Родился Зыгмунт 19(31) мая 1827 года. Первые его младенческие воспоминания связаны с восстанием 1831 года. «Спи спокойно, собственной грудью прикрою тебя», — говорил отец сыну, уходя в повстанческий отряд. Домой он уже не вернулся. Нелегко было оставшейся семье «польского мятежника» в империи Николая. «Я, старший, уже не помню отца, — писал Сераковский в 1848 году. — Мать с молодых лет осталась вдовой и собственными трудами содержала свою старушку мать, нашу бабушку, и нас троих». Воззрения, воля, характер мальчика складывались 'под впечатлением патриотических рассказов о походах Костюшки — героя двух полушарий, о восстании 1830—1831 годов. По свидетельству родных, Зыгмунт в детстве отличался находчивостью, живостью ума и твердостью характера, не терпел никакой фальши. Ему было шесть лет, когда в дом Сераков-ских прибыл чиновник, производивший набор дворянских детей в кадетские корпуса. Польских мальчиков во времена Николая I зачисляли туда часто и без согласия родителей. Мать Зыгмунта, не желая расставаться с сыном, переодела его и представила как дочь. Чиновник уже вносил изменения в свои списки, когда Зыгмунт, шагнув из-за спины матери, вдруг заявил: «Я не дочь! Я сын — Зыгмунт Сераковский!» Сын остался дома, но фамильное серебро уехало с чиновником.
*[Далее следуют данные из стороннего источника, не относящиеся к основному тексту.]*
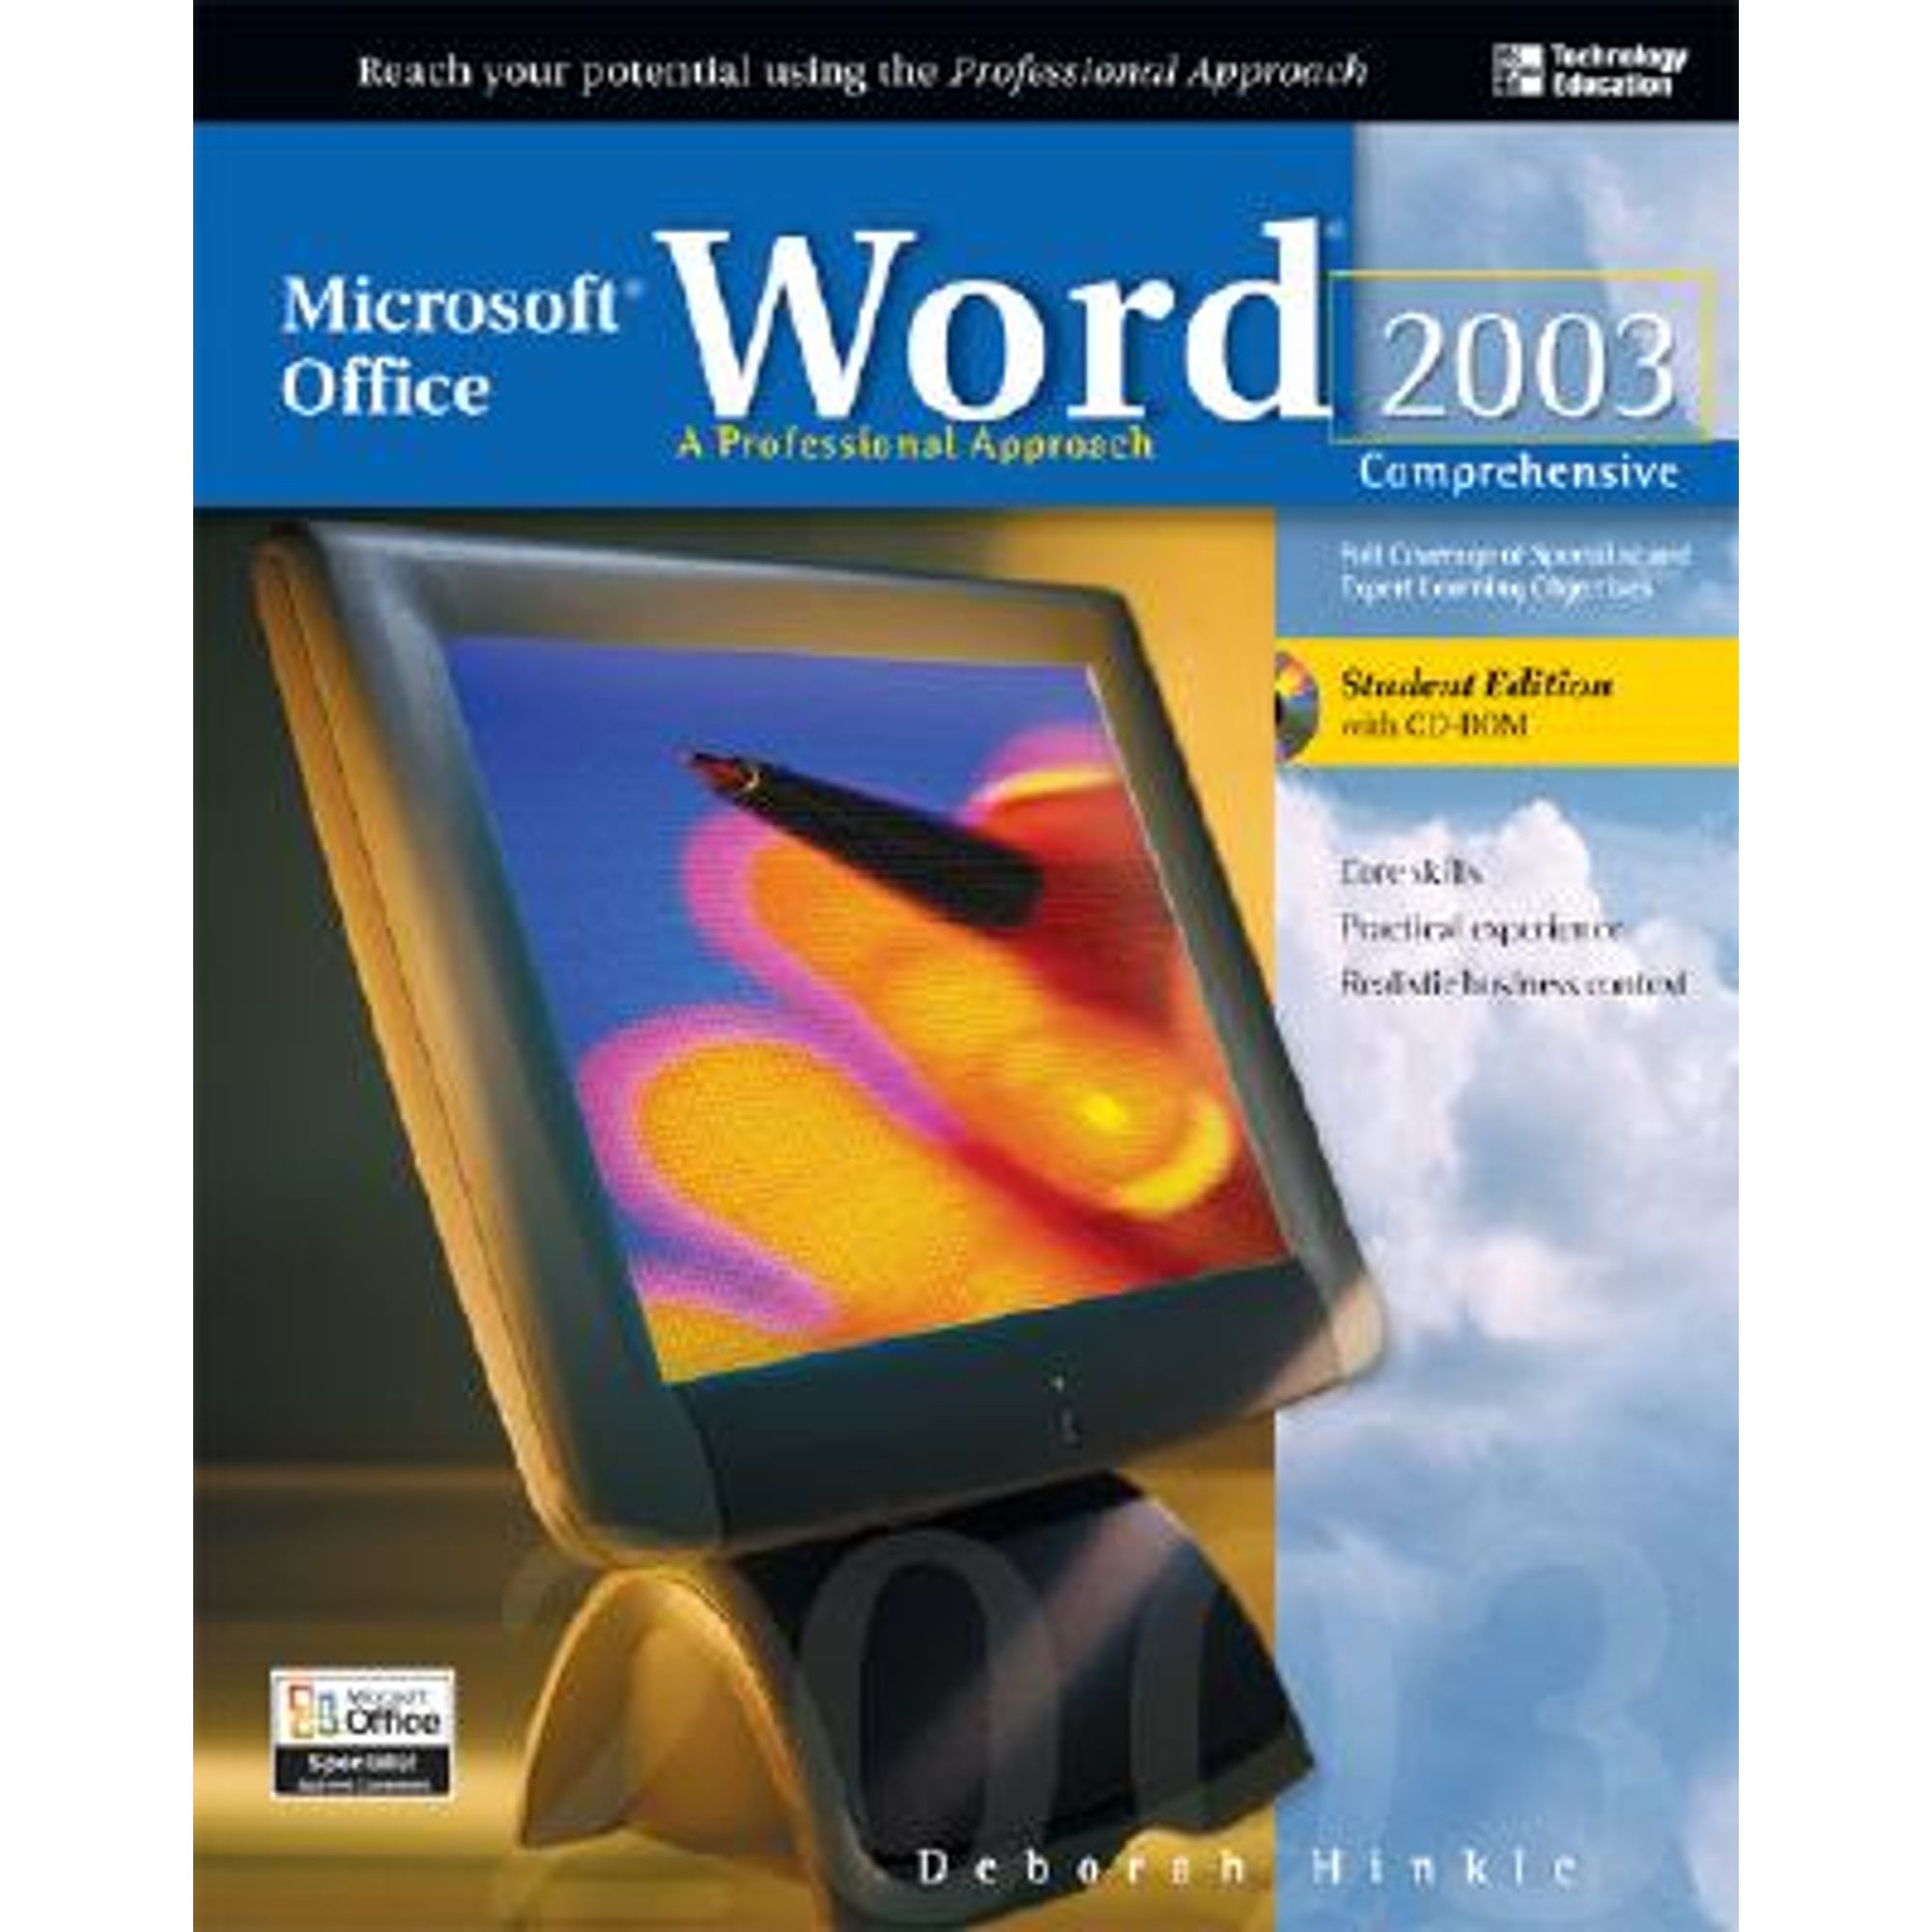 Microsoft Office Word 2003: A Professional Approach, Comprehensive Student  Edition W/ CD-ROM 
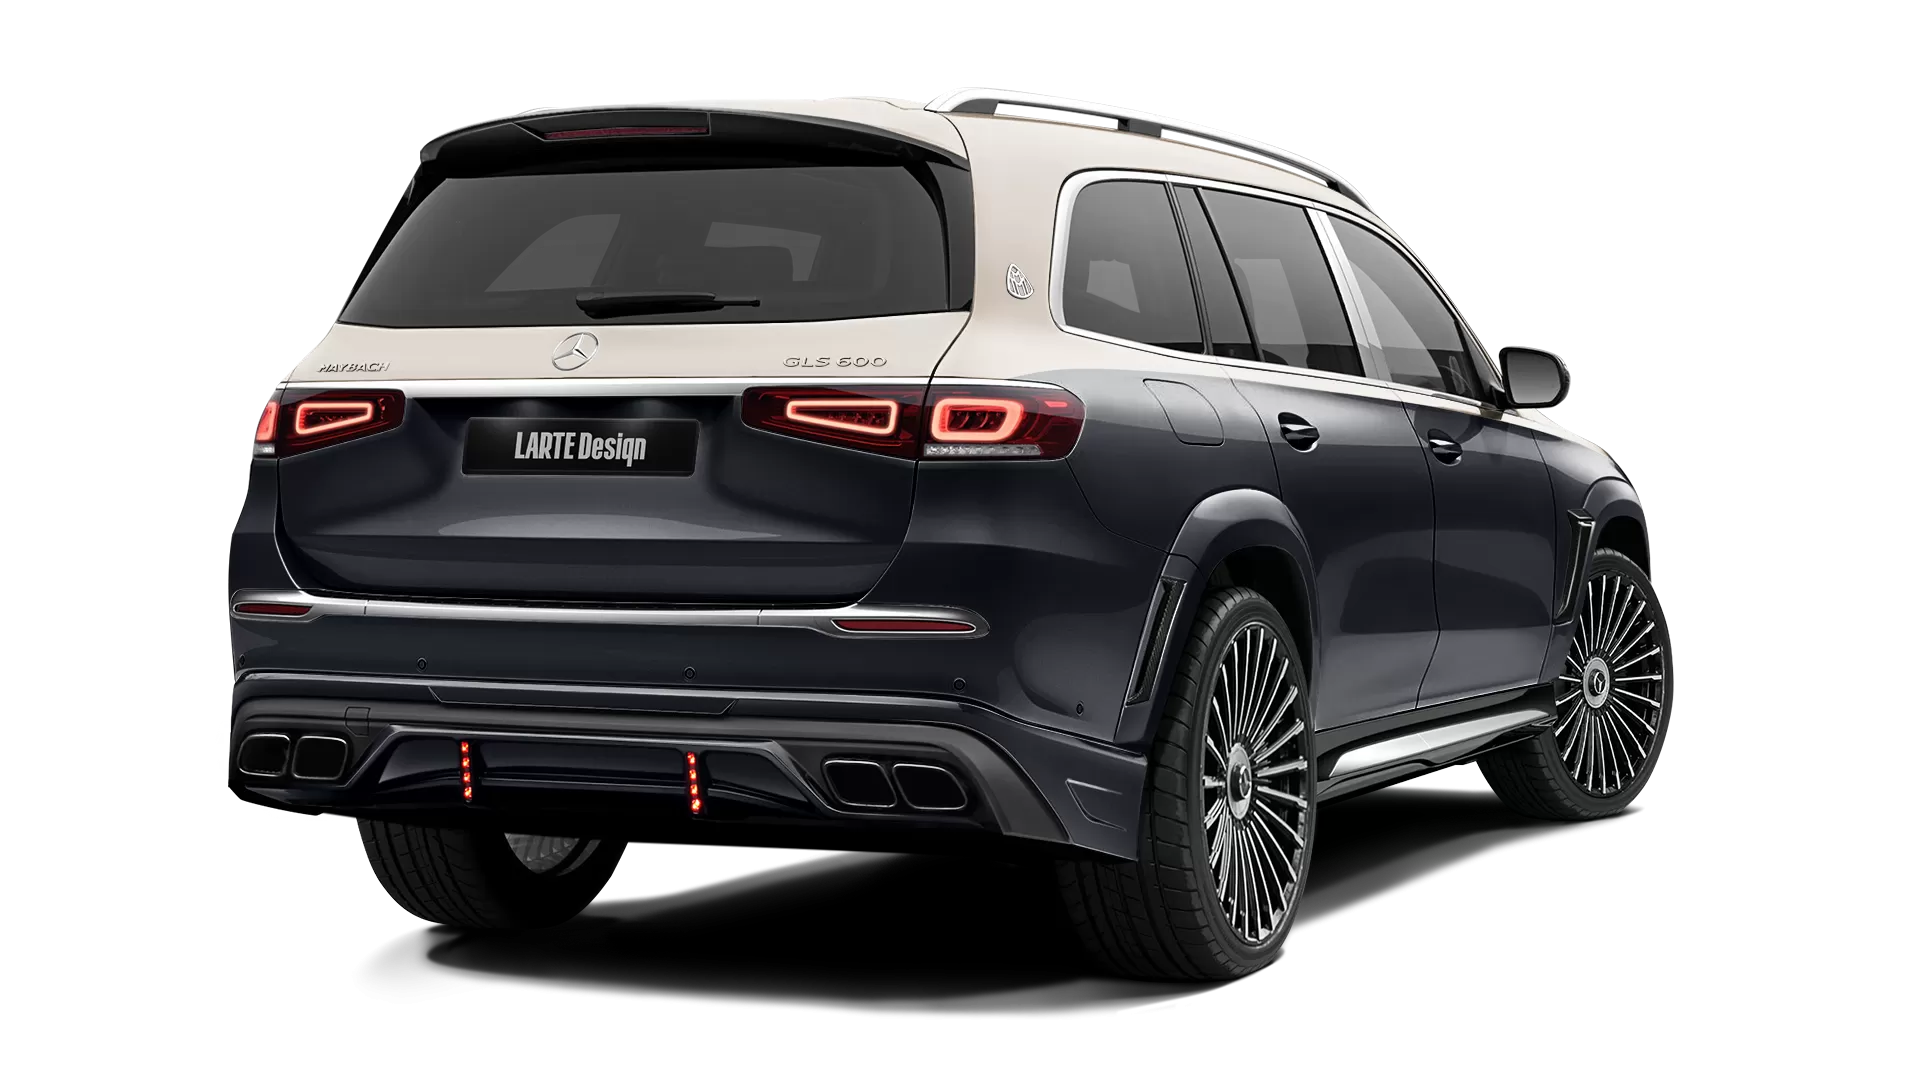 Mercedes Maybach GLS 600 with painted body kit: rear view shown in Obsidian Black & Kalahari Gold

В 1838 году Зыгмунт поступил в русскую гимназию в Житомире, которую окончил через пять лет с серебряной медалью. Его познания, как значится в свидетельстве, в истории, языках, статистике были очень хорошие, в математике и географии — хорошие, в физике — достаточные. На выпускном экзамене Зыгмунт привлек всеобщее внимание блестящими ответами и по окончании гимназии получил право на чин четырнадцатого класса при зачислении на государственную службу. Как не вспомнить при этом пушкинские строки о станционном смотрителе — страдальце четырнадцатого класса, не огражденном своим чином даже от побоев! Подобная перспектива, естественно, не прельщала молодого Зыгмунта, мечтавшего о продолжении образования. Еще в последних классах гимназии он стал работать' репетитором, а затем два года был гувернером, собирая средства для учебы в университете. В 1845 году, успешно выдержав экзамены, Зыгмунт был зачислен казеннокоштным студентом Петербургского университета. Хорошо зная гуманитарные дисциплины, он, однако, поступил на физико-математический факультет, но, проучившись на нем около двух лет, перешел на первый курс юридического факультета по разряду камергЕль-ных наук. Университетское начальство характеризовало Сераковского как студента, в науках математических не особо преуспевающего, со скромным поведением, без предосудительного образа мыслей, тихого и неразговорчивого. Как, однако, далеки были рассуждения казенных опекунов от действительности, как мало они знали о внутреннем мире студентов!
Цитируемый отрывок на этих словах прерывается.